**** Data for review ****

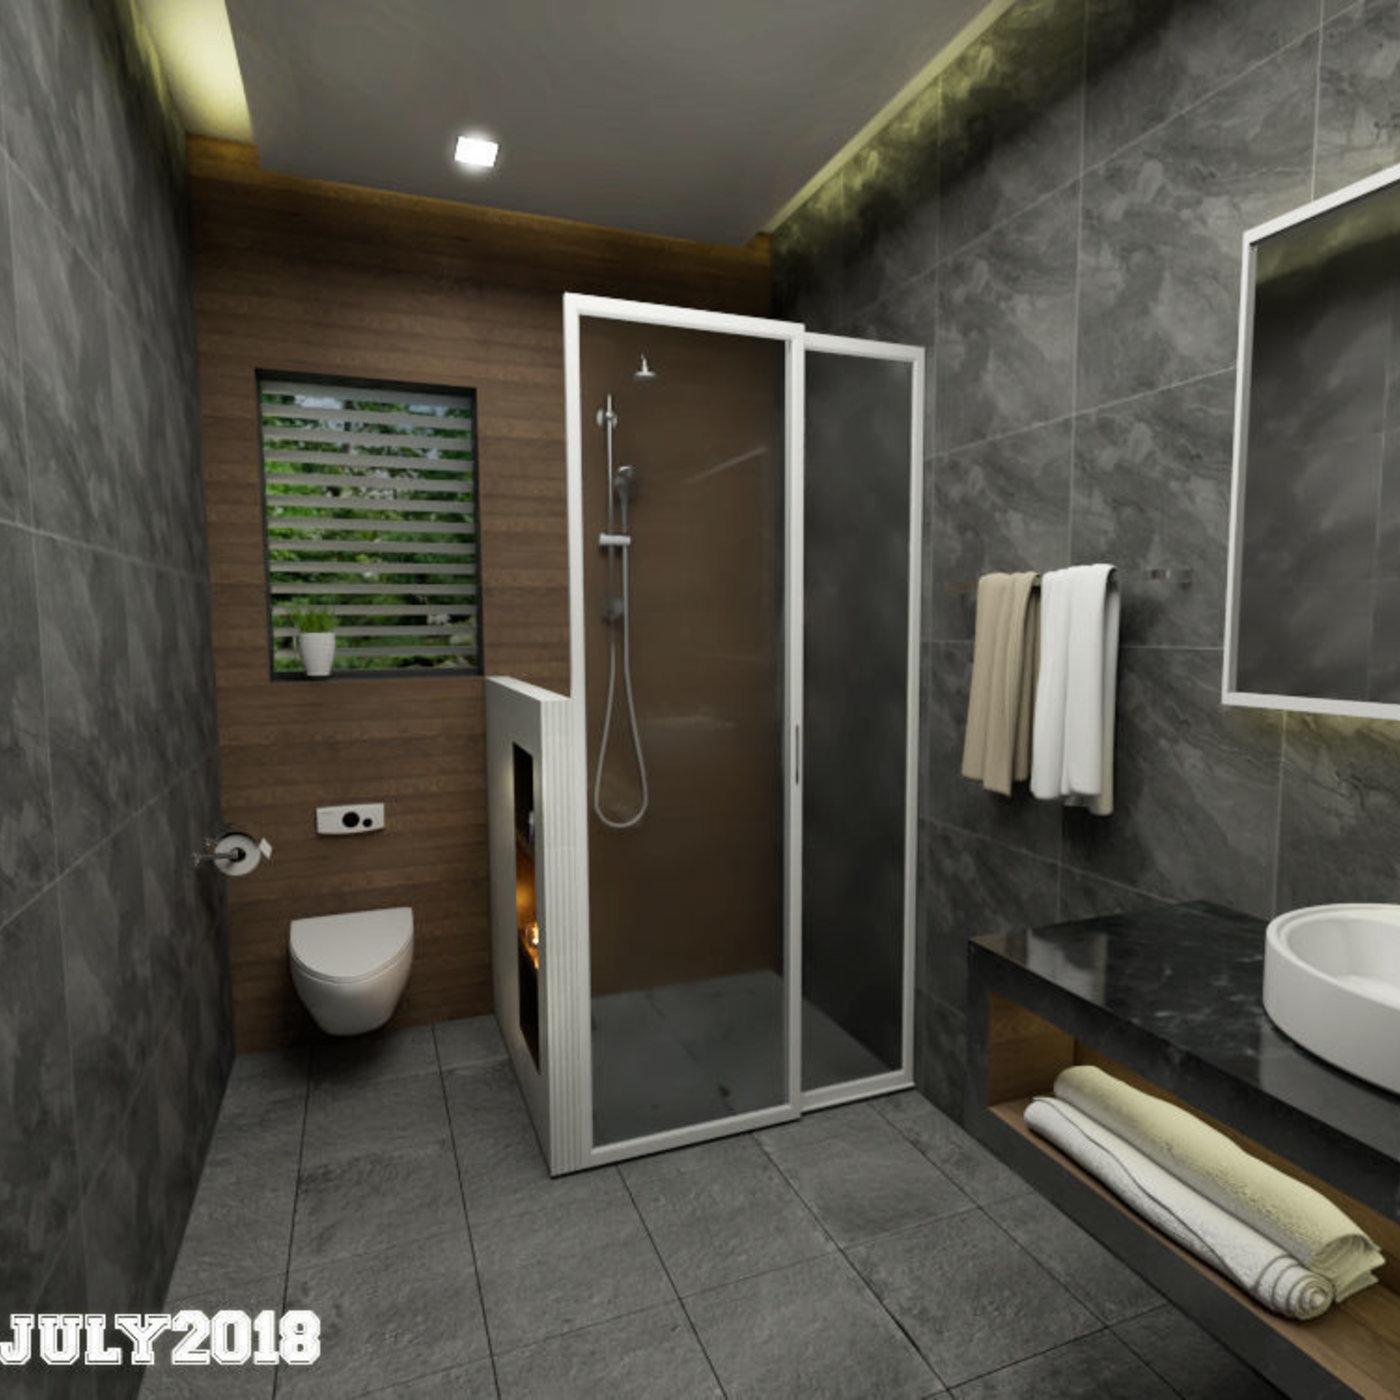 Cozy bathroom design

****
**** Data for review ****

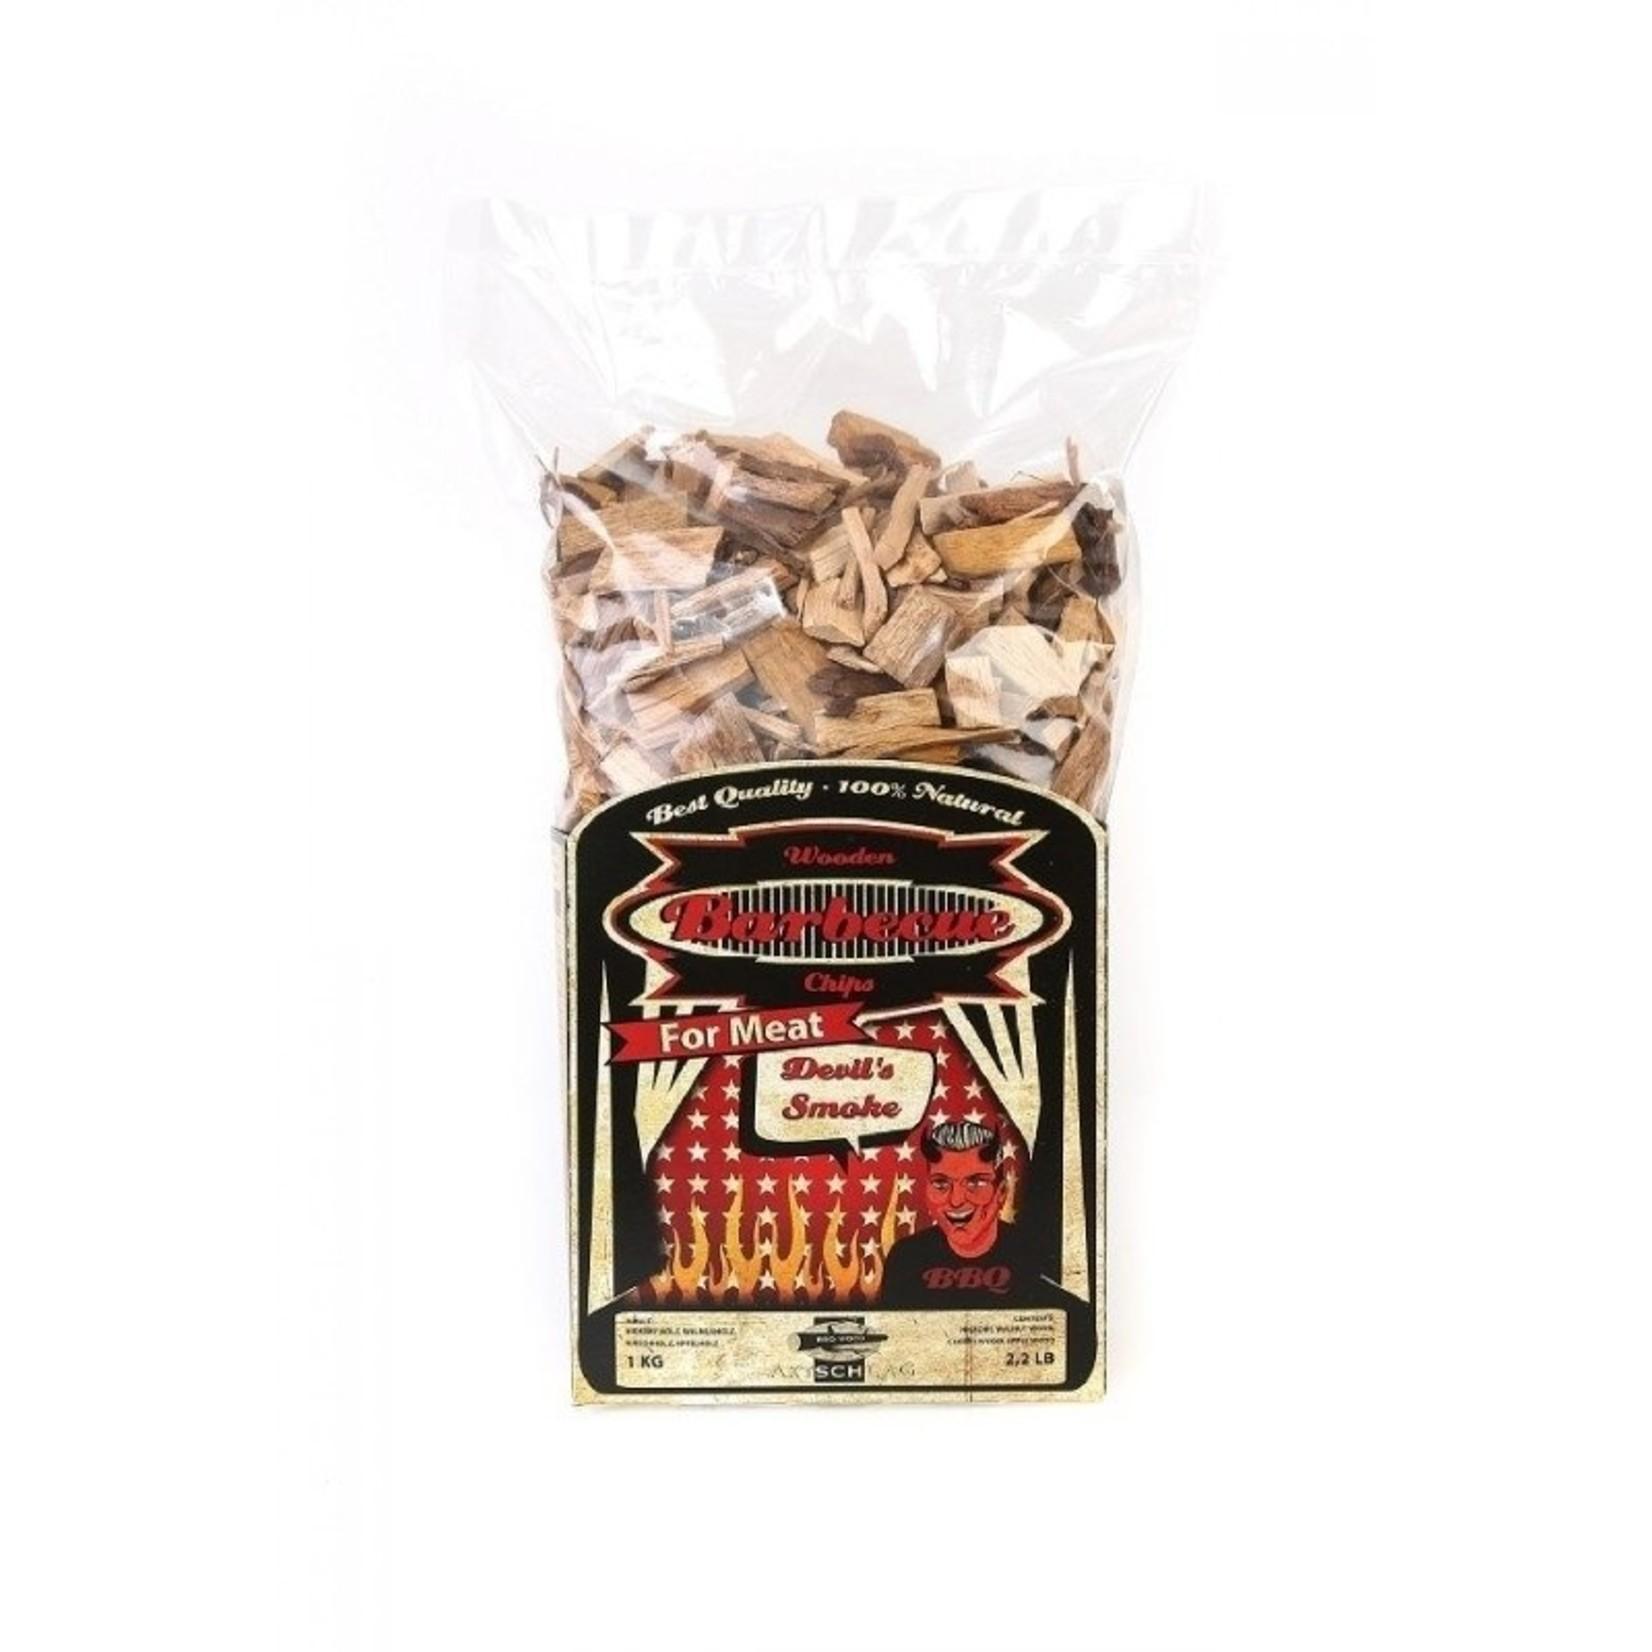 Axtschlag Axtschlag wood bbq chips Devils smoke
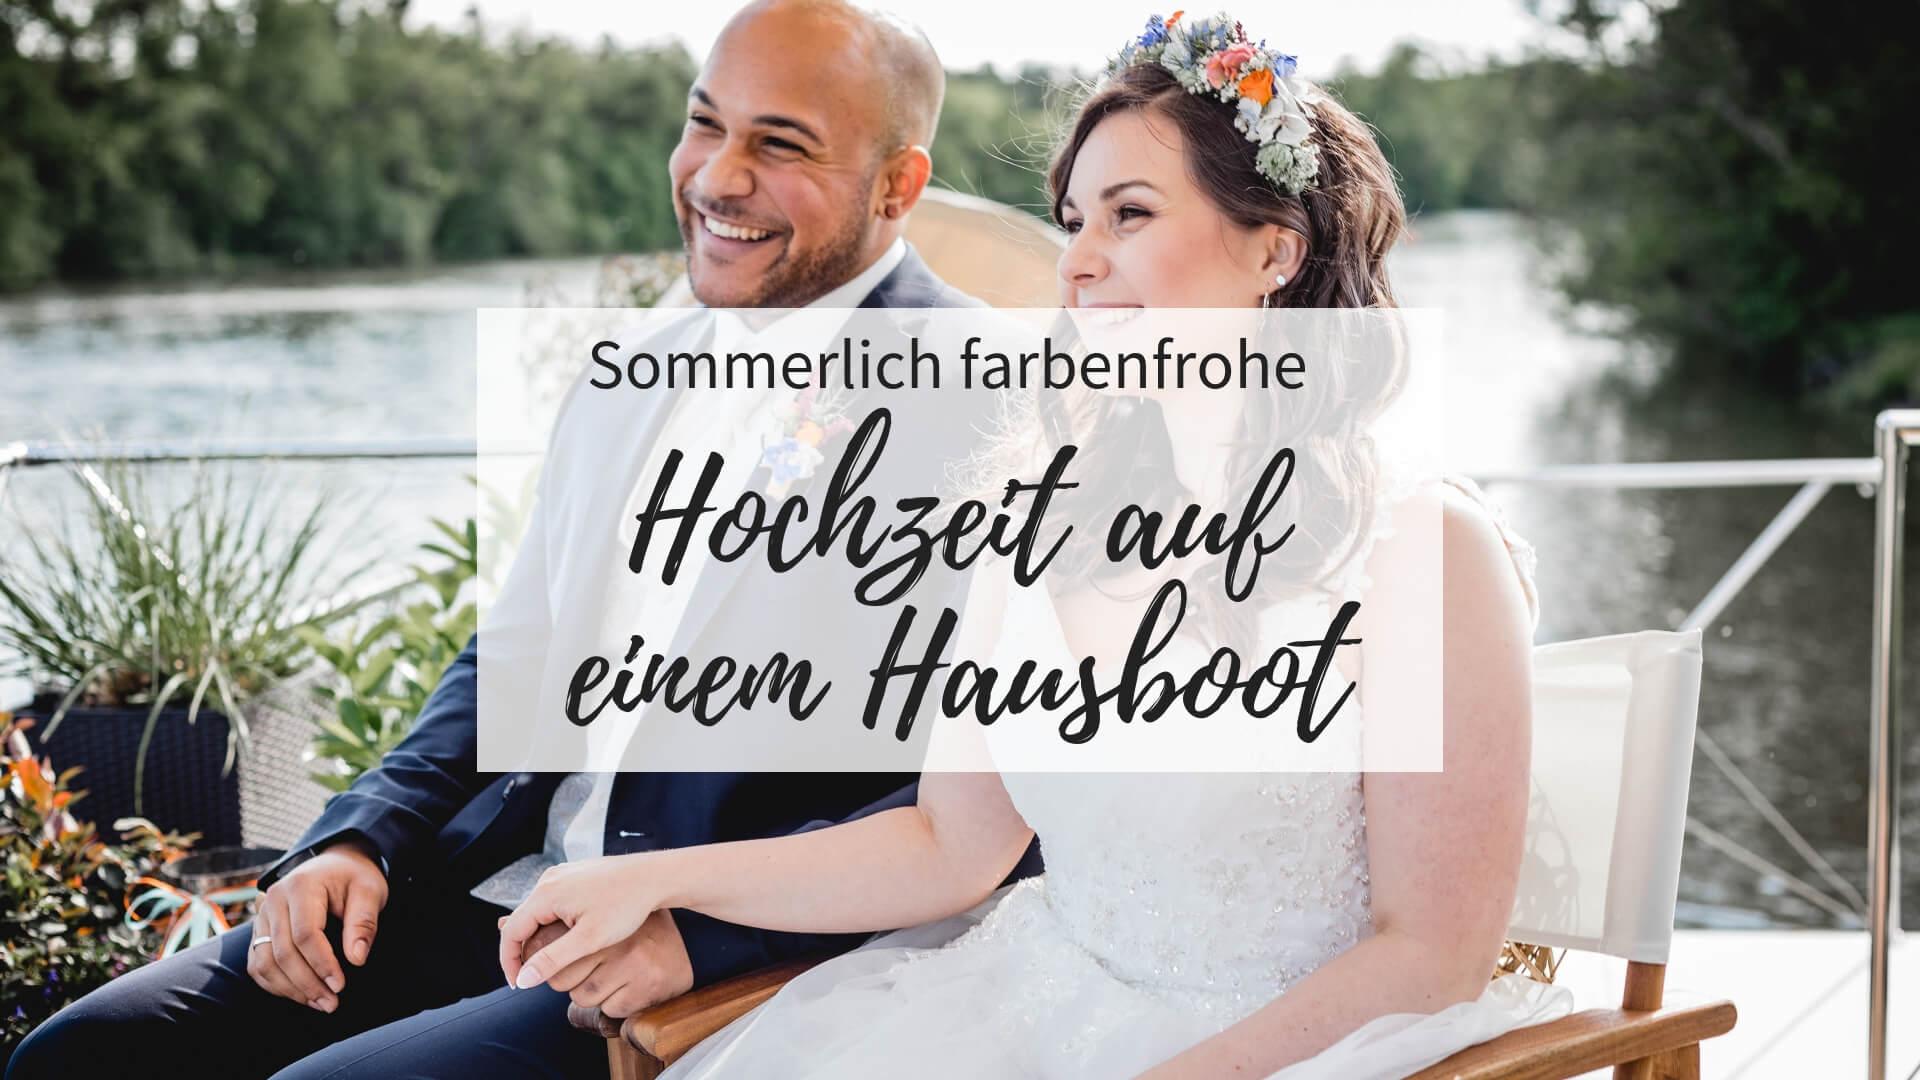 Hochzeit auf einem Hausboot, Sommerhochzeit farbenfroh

****

• _Work to complete_
Within the listing above, the lines starting at the one containing "Axtschlag Axtschlag wood" and ending at the one containing "Hochzeit auf einem" are to be returned exactly. Omit the pictures.

• _Task output_
 Axtschlag Axtschlag wood bbq chips Devils smoke
 Hochzeit auf einem Hausboot, Sommerhochzeit farbenfroh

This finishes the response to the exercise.